Revolutionize Renewable Energy with the Innovative Alternative Energy Tank

[qbit]

Here is an invention I'd like to share with anyone who has the money to develop and market it. Furthermore, I don't even have the technical skill to determine if it's viable on paper so I suppose it's reasonable to say that anyone who pursues this is entitled not to share anything with me.

Picture a black PVC water tank, shaped to maximise its surface area to the Sun. Let's say it can be filled and topped up by rain water from a typical house roof and can contain 4 ton of liquid water or about 4 kilolitres. When at capacity, there remains several litres of space above the liquid water, say 10 litres. It can be sealed tight to prevent gas exchange (and prevent water leaks - it is a water tank after all). Except that there is a miniature turbine that sits atop the tank. As the water heats up from solar radiation during the day, the vapour pressure above the water increases and escapes through the turbine to create energy that could be stored in a battery. During the night, the opposite occurs: vapour pressure decreases. As you can now see, the device relies on the diurnal thermal gradient. In practice, I imagine one would need to build two miniature valve turbines: one that did work due to increased vapour pressure during the day and one that did work due to the decrease in vapour pressure during the night. But some clever engineer may calculate that a bidirectional turbine is more practical and or cost effective.
Let's say the diurnal temperature change in the tank is 5 degrees Kelvin. I think it's safe to assume that the change in the volume of the tank is negligible. But now comes the hard part. The system is not adiabatic and not isothermal. Work is done as the internal pressure equalises with the atmospheric pressure. So I think it's safe to assume it's isobaric. To roughly calculate the potential work that can be done (obviously energy will be lost to moving parts and electrical resistance of the circuit), am I correct in saying I would need only calculated the difference in partial pressure of water vapour between a temperature difference of 5 degrees multiplied by the volume (10 litres)? If so, would the system work better if the tank held only 10 litres of liquid water and 4 kiloliters of partial water vapour? Am I even in the ballpark of attempting to solve this? And would anyone care to comment on whether this could be a viable energy source given that most people can't put ten thousand of these things on their properties.

The other problem is whether more energy is expended in the manufacture of such a tank than it can reasonably be expected to return in its lifetime.

Thanks for your help in advance.

 

[russ_watters]

Figuring out how much it will heat up is probably the hardest part. While the skin temp could easily rise 20C from ambient, the water temp won't rise anywhere near that much. I suppose you'll have the underside insulated? but anyway, try it with a 10C water temp rise if you have a thin, flat tank. The way I'd approach the problem is to consider the tank as a control mass during the day and calculate the volume change (ie, as if it could blow up like a balloon) as the air heats and water evaporates.

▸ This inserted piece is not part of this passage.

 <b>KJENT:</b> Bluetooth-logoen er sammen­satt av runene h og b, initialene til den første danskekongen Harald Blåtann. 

After you do the calculation above, you'll see just how small the extra volume of air/vapor is and you won't even bother trying to do the turbine calculation. Almost all of the energy gained goes into heating the water and boiling it at atmospheric pressure. There way a steam engine works, there must be a large pressure gradient and the steam must condense to give the energy back. You wouldn't be harnessing that energy at all.

 

[charng]

I find your idea for the alternative energy tank to be very intriguing and innovative. The concept of using a diurnal thermal gradient to generate energy is definitely a unique approach to renewable energy. However, as you mentioned, there are several technical and practical considerations that need to be addressed in order to determine the viability of this invention.

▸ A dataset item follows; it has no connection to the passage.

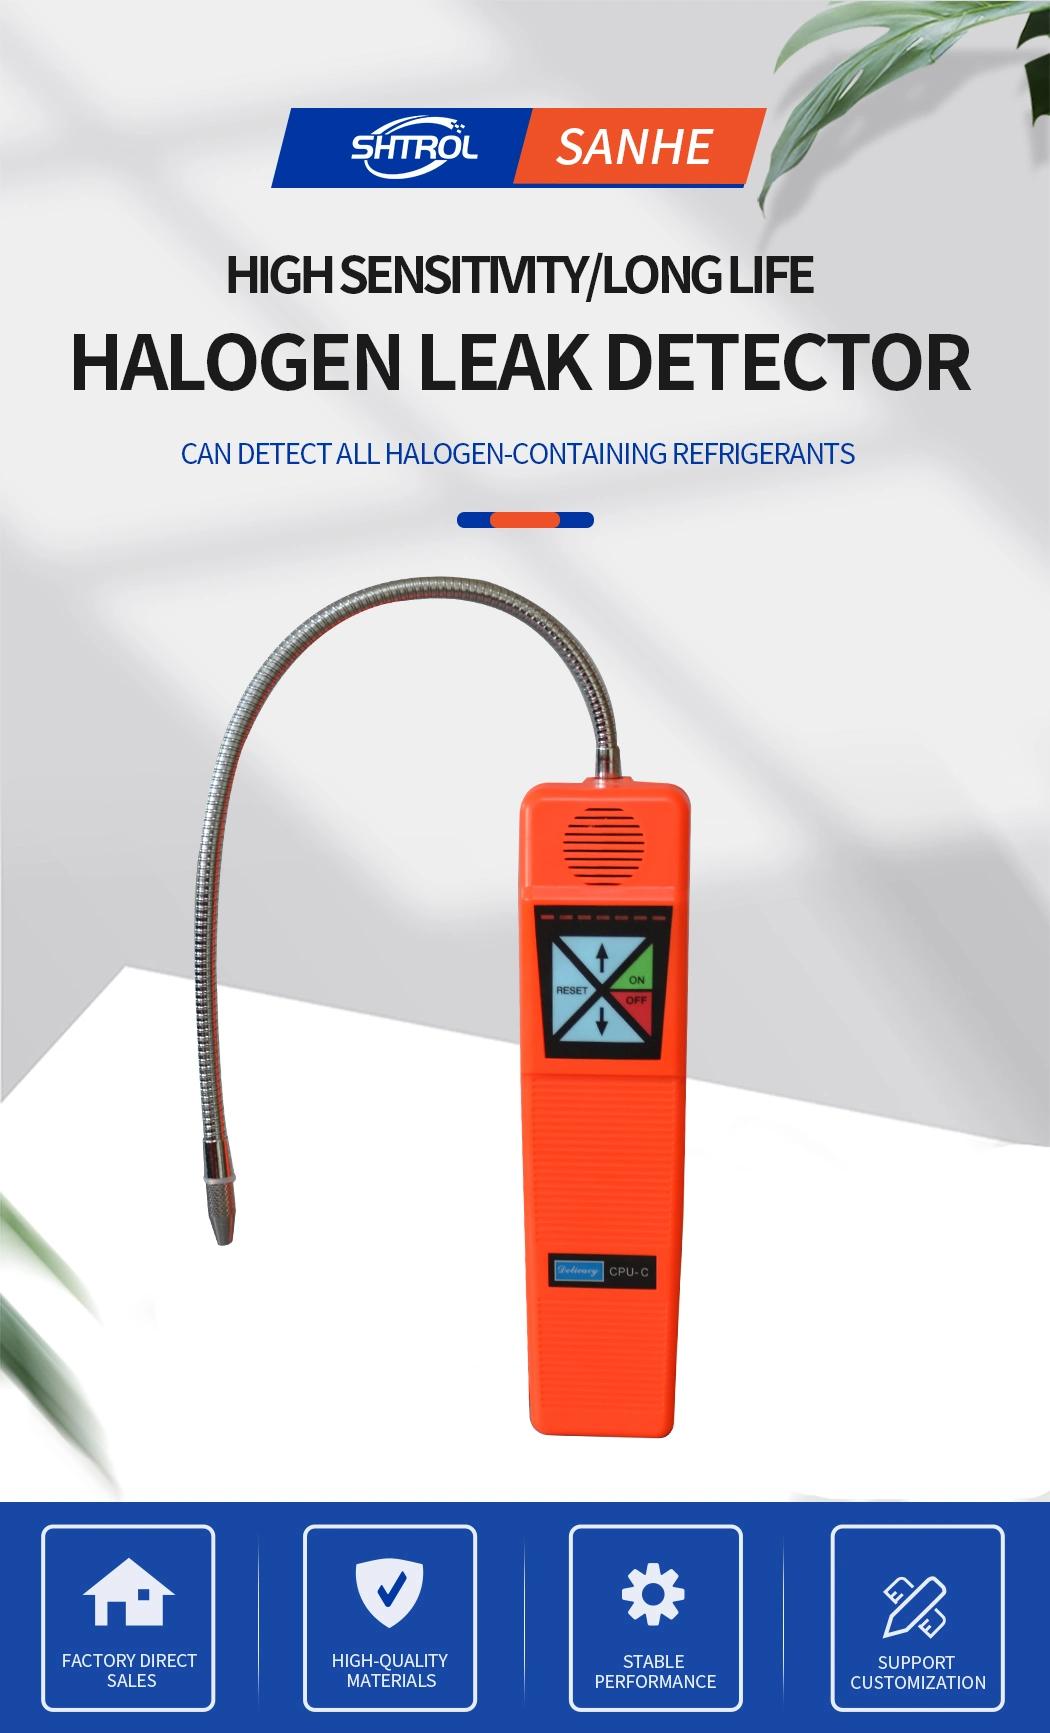 Halogen Leak Detector CPU-C Air Conditioning Halogen Leak Detector Air Conditioning Leak Detection Refrigerant Car Leak Detector

Firstly, the calculation of potential work done is not as simple as just multiplying the temperature difference by the volume. The efficiency of the turbine, energy losses due to moving parts and electrical resistance, and the specific heat capacity of the water all need to be taken into account. Additionally, the efficiency of the system will also depend on external factors such as the amount of sunlight and temperature fluctuations.

Secondly, the cost and practicality of implementing this system on a large scale also need to be considered. While it may be feasible for individual households to install these tanks, it may not be practical for larger scale use. The cost of manufacturing and maintaining these tanks, as well as the amount of space they would require, would need to be carefully evaluated.

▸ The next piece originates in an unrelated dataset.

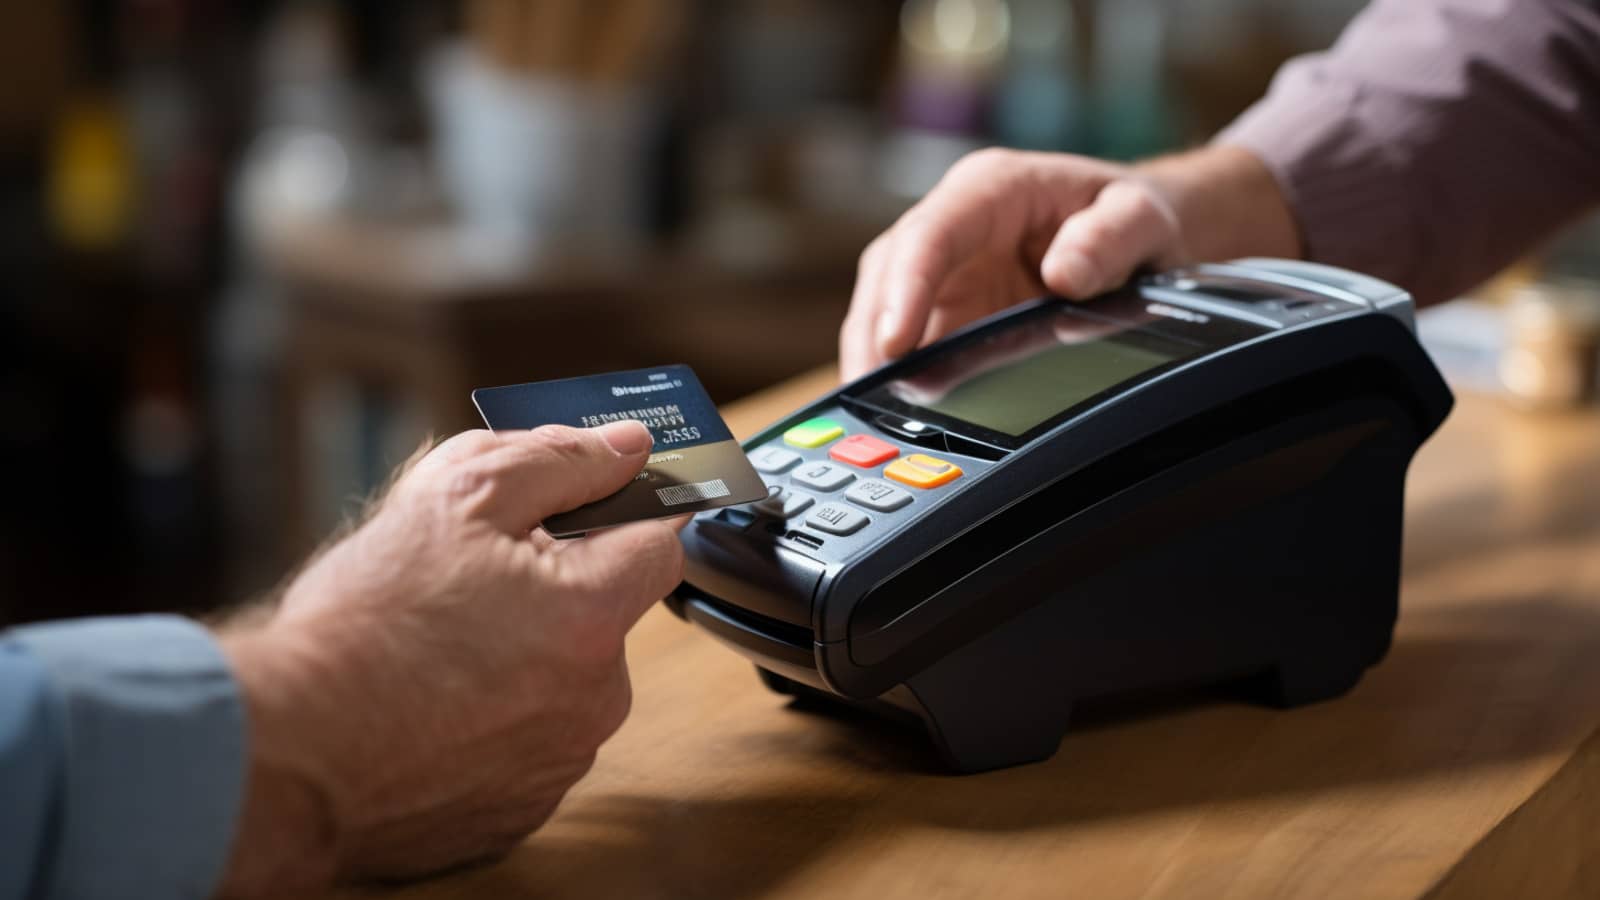 karta płatnicza przykładana do terminala płatniczego, płatność bezprzewodowa

Furthermore, the environmental impact of manufacturing these tanks should also be taken into consideration. If the energy expended in the manufacturing process outweighs the energy that can be generated by the tank over its lifetime, then it may not be a sustainable solution.

Overall, I believe that your idea has potential and could potentially revolutionize renewable energy. However, further research and development would be needed to determine its feasibility and practicality on a larger scale. I would suggest collaborating with engineers and other experts in the field to refine your concept and conduct feasibility studies. Thank you for sharing your idea and I wish you the best of luck in its development.